Статьи

Подписаться на RSS

Популярные теги Все теги

Петербург глазами Ф. М. Достоевского

Петербург глазами Ф. М. Достоевского

 

Как-то Достоевский заметил, что во встрече с городом очень важно первое впечатление. Он увидел Петербург весной, в мае, в преддверии белых ночей – самой поэтической поры города. Юный Достоевский в это время увлекался «возвышенным и прекрасным» – запоем читал Шиллера, любил Гофмана, рыцарские романы. Он и сам уже пробовал сочинить роман «из венецианской жизни». Первый друг его в Петербурге – поэт-романтик Иван Шидловский. Вместе с ним, а может быть, и его глазами, воспринимал юноша Петербург. Из письма к отцу: «К нам придет Шидловский, и мы пойдем странствовать с ним по Петербургу и оглядывать его знаменитости». Достоевский не просто знакомится с городом, он странствует по нему, читая стихи, вспоминая историю. Описывая потом состояние одного своего героя, Достоевский скажет как будто про себя: «Он читал в ярко раскрывшейся перед ним картине, как в книге между строк. Все поражало его; он не терял ни одного впечатления…»
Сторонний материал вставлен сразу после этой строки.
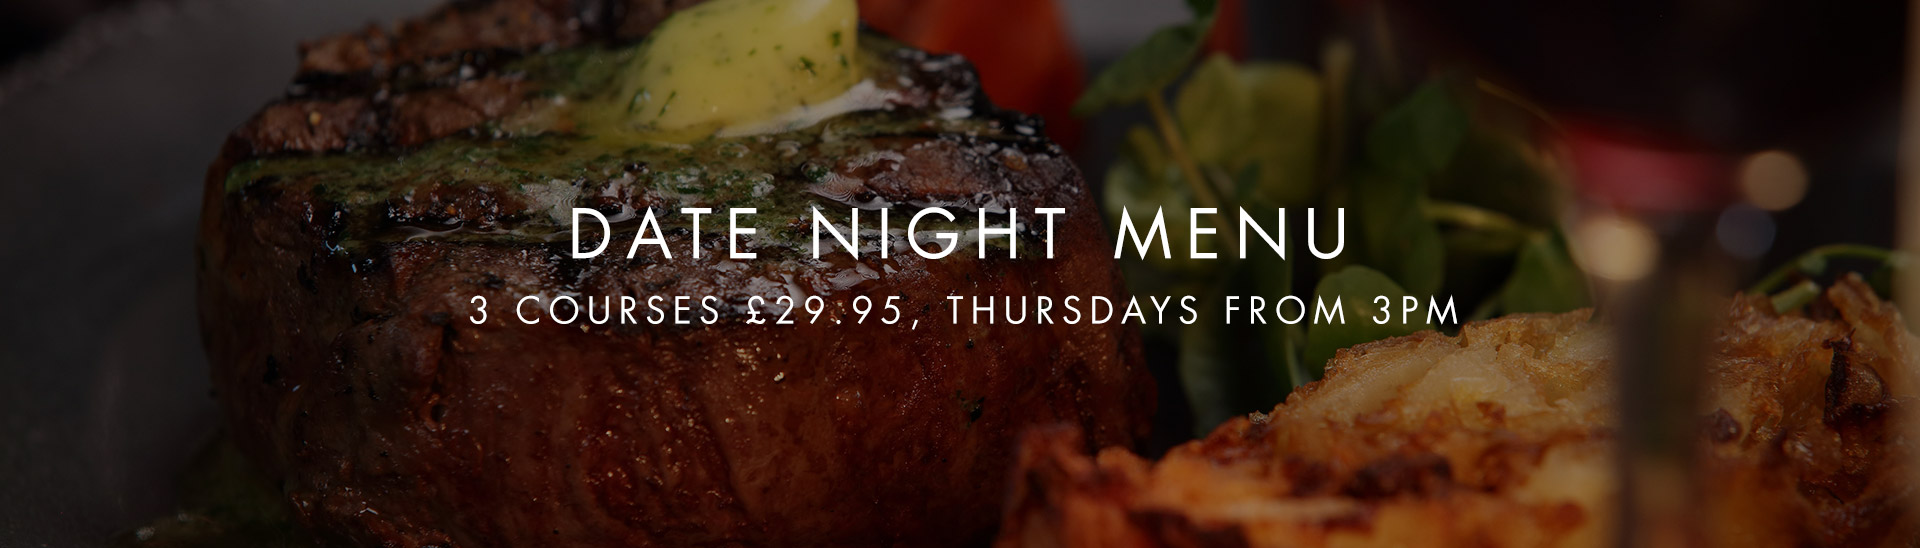 Dates & Steaks at Miller & Carter Cardiff Bay

Петербург предстает перед Достоевским прекрасным, романтическим городом: «Есть неизъяснимо трогательное в нашей петербургской природе, когда она, с наступлением весны, вдруг выкажет всю мощь свою, все дарованные ей весной силы, опушится, разрядится, упестрится цветами». Но, как все романтики, Достоевский чувствует в нем и оборотную, трагическую суть. Он никогда не забывает об истоках Петербурга, об истории его возникновения. Город на костях, родившийся страданиями тысяч людей, никогда не будет для него счастливым. Страшный в своей безжалостной красоте, высокомерный к судьбе отдельного человека – таким его будет воспринимать писатель. «В белую ночь мгновенно озарил душу Достоевского скорбный облик Петербурга», – писал известный исследователь темы «Петербург Достоевского» Н. А. Анциферов. Белые ночи добавляли к мистическому образу Петербурга дополнительные фантастические краски. Ощущение Петербурга как города-фантома, города-призрака сохранится у Достоевского на всю жизнь. С января 1838 года, после поступления в Инженерное училище, Достоевский три года проживает в Михайловском замке, самом, может быть, угрюмом и мрачном из всех петербургских зданий. Построенный для Павла I, этот замок стал местом гвардейского заговора: на 40-й день после переезда в него Павел I был убит. После замок передали инженерному ведомству, стали называть его Инженерным. А учащиеся в этом заведении полюбили зловещие рассказы о призраке императора, который поселился в замке. Так таинственность и неразгаданность сразу же окружили Достоевского.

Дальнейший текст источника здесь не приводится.